Diagnosing Upward Drifts in GOES Ring Current Proton Energies Caused by Radiation Damage

Proton fluxes of 10's-to-100's of keV observed by solid state telescopes have been observed to decrease gradually with time. This decrease has been attributed to radiation damage by the protons being detected. As the resulting dead layer grows, protons deposit less energy in the active part of the detector, and higher energies are required to meet the detected energy thresholds. The channel effective energies drift upward, and thus the observed fluxes decrease. Past correction methods have used comparisons between recently-launched and older instruments, but observed differences can have more than one cause. Energy-dependent periodicities of drift echoes in geostationary orbit provide a measure of channel energies. We have developed an automatic method for detecting and characterizing drift echoes that can be applied to multiple years of satellite data and thereby track any change in channel energies. We identified drift echo candidates by applying CLEAN to high-pass-filtered flux time series in overlapping sliding windows sized to the expected proton and electron drift periods at geostationary orbit.
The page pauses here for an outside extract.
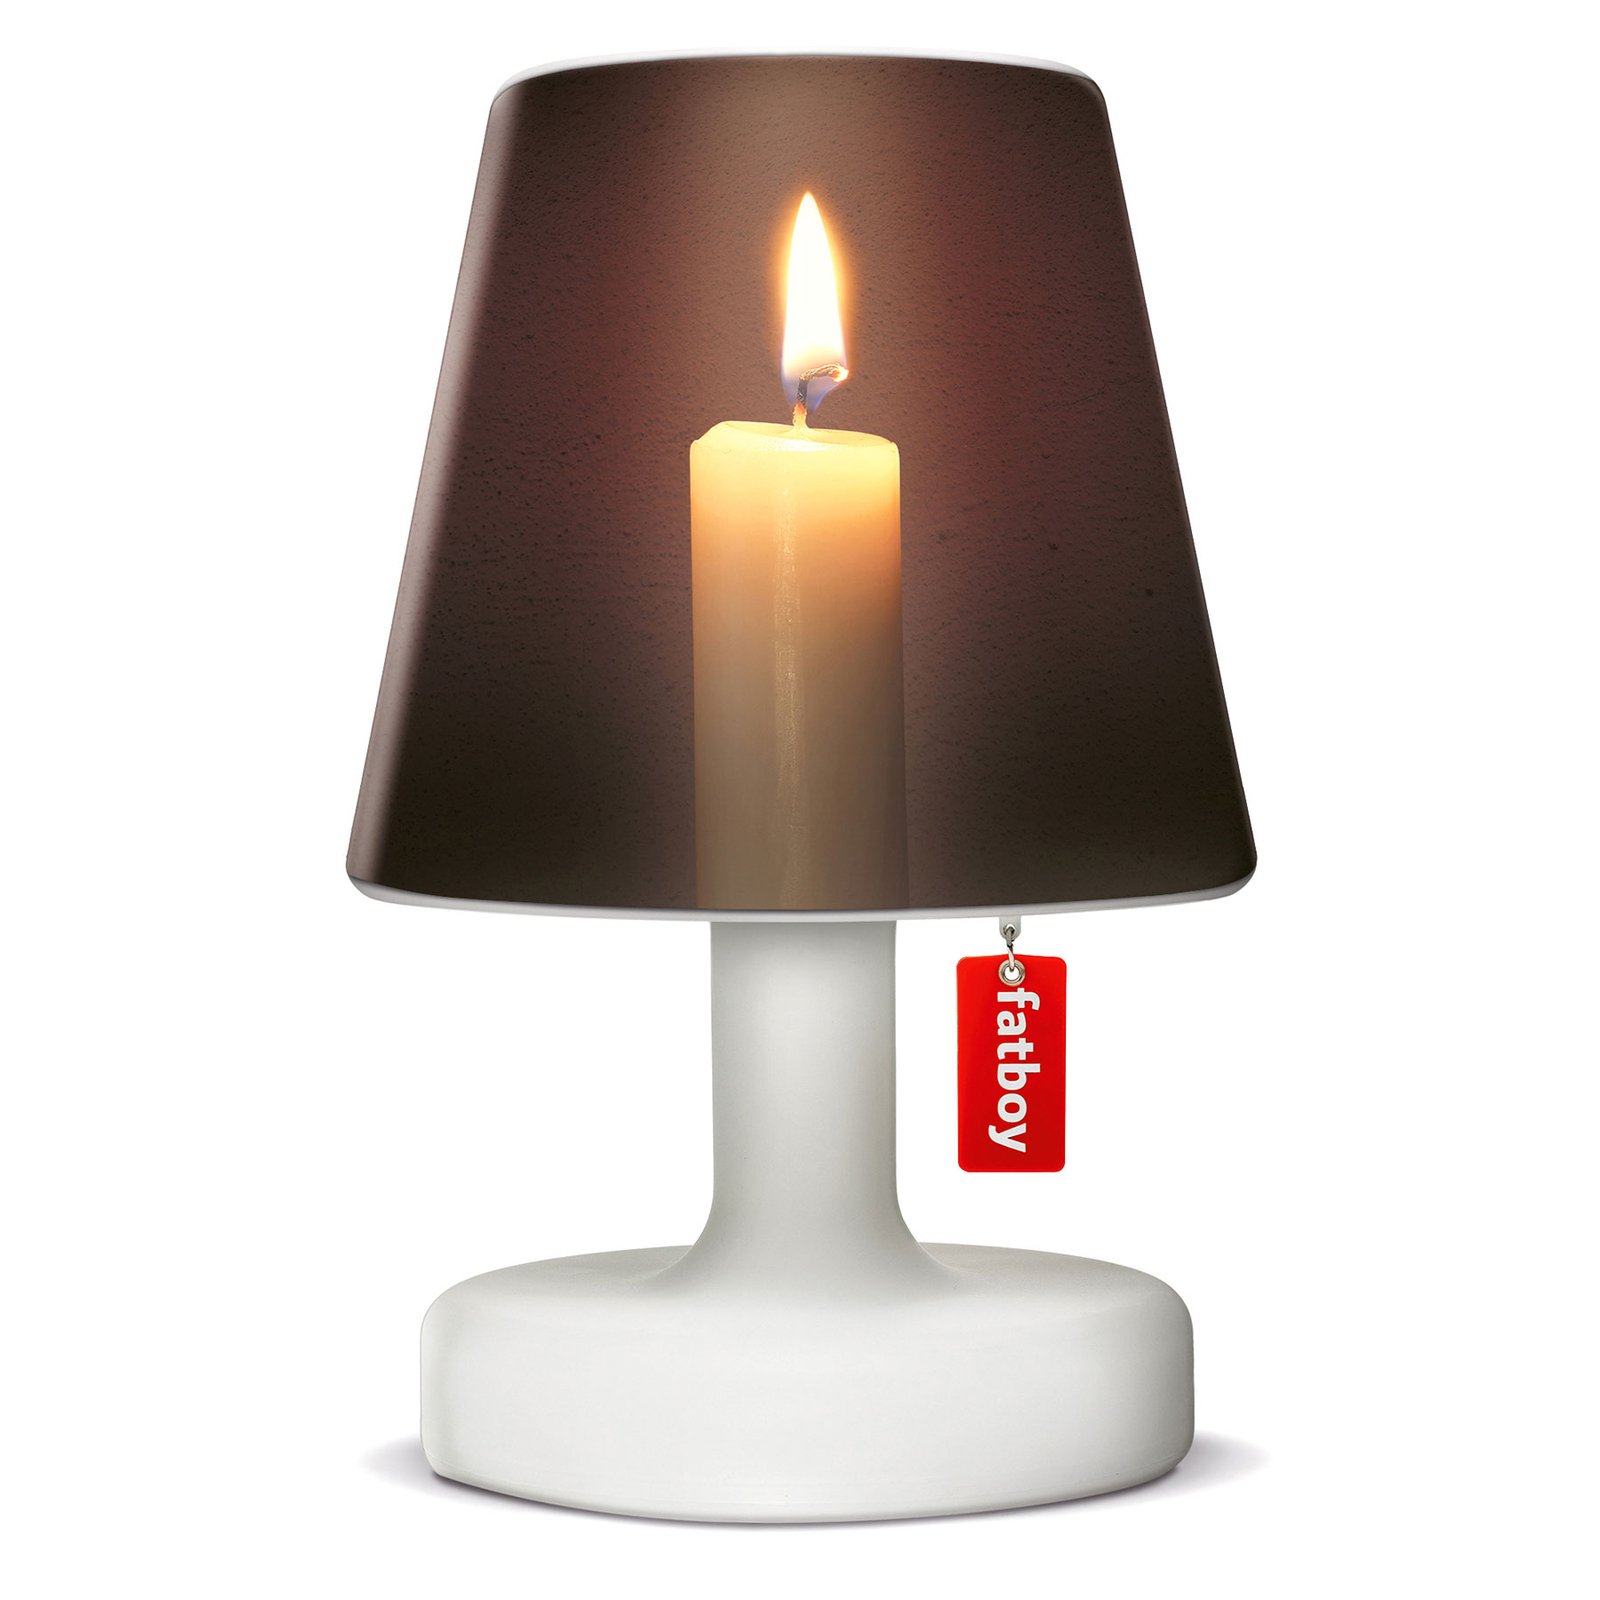 Fatboy Cooper Cappie shade, candlelight

Within each window, statistically significant oscillation frequencies were isolated iteratively using FFT peak detection, sinusoidal fitting and subtraction, and Monte Carlo testing relative to a residual-based lag-1 autoregressive red-noise model. Application of this method to over eight years of GOES-16 proton and electron fluxes confirms that proton channel energies increased with time while electron channel energies were stable. The collected drift echo detections have been used to study the behavior of drift echoes at all local times in response to solar wind drivers.